Simple Methods to Detect Triacylglycerol Biosynthesis in a Yeast-Based Recombinant System

Standard methods to quantify the activity of triacylglycerol (TAG) synthesizing enzymes DGAT and PDAT (TAG-SE) require a sensitive but rather arduous laboratory assay based on radio-labeled substrates. Here we describe two straightforward methods to detect TAG production in baker's yeast Saccharomyces cerevisiae. First we demonstrate that a quadruple knockout yeast strain deficient in storage lipids has a reduced growth rate in a medium supplemented with fatty acids.

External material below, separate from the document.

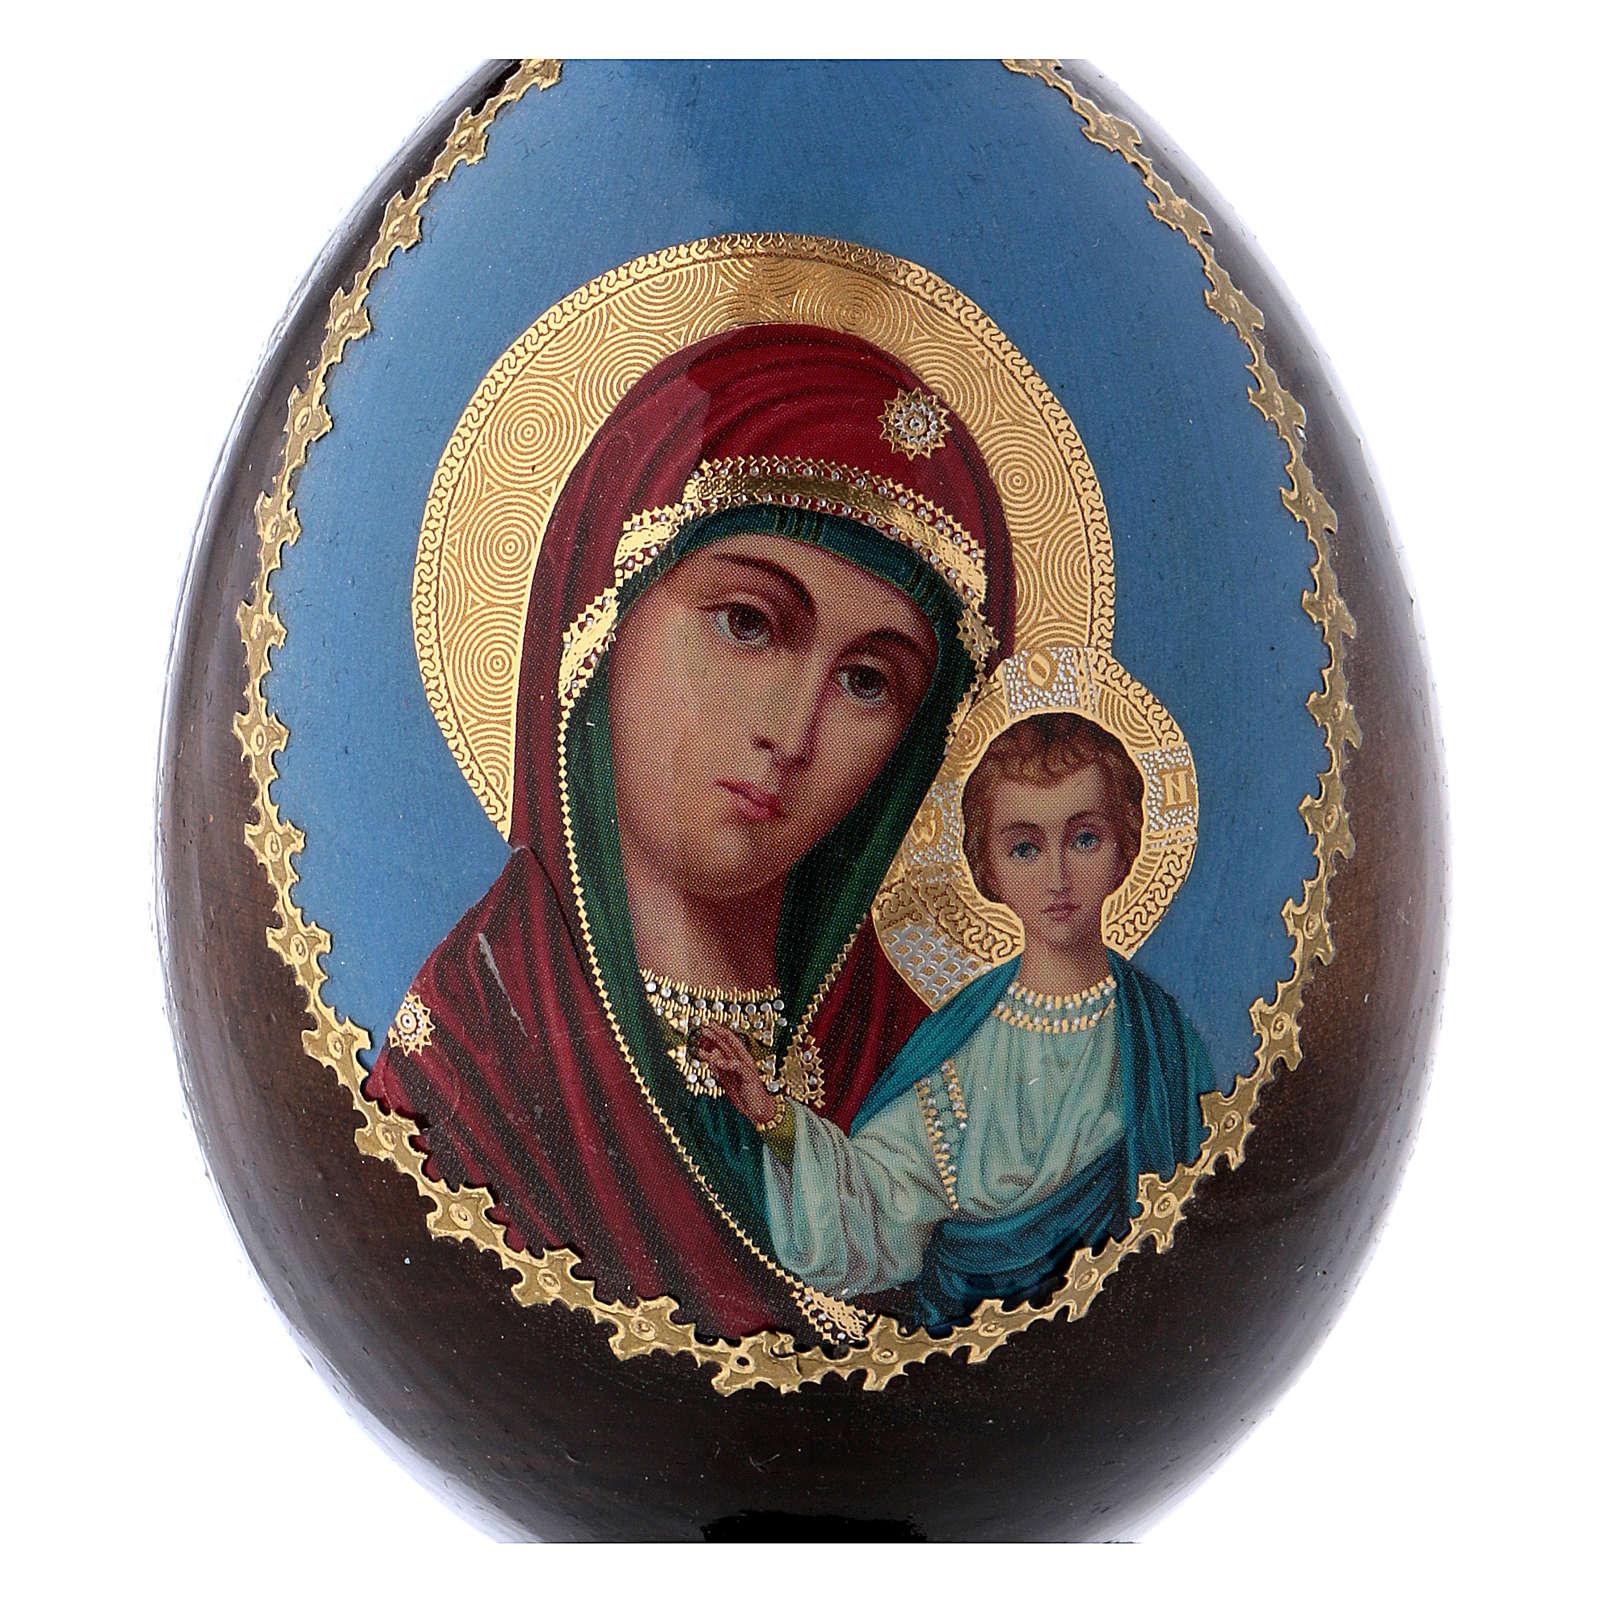 Russian Egg Kazanskaya découpage 13cm 4

This phenotype is rescued by restoring TAG biosynthesis and can be thus used to select yeast cells expressing a recombinant TAG-SE. In the second method, the activity of the recombinant enzyme is measured in a fluorescent in situ assay using Nile red dye that is specific for neutral lipids. Correlation between Nile red fluorescence and enzyme activity is demonstrated with several mutants of a TAG synthesizing enzyme. This yeast live-cell-based assay is rapid, inexpensive, sensitive, and is amenable to high-throughput applications. The methods can be used for a variety of applications such as isolation of novel genes, directed evolution, gene-specific drug screening and will facilitate novel approaches in the research of TAG-SE.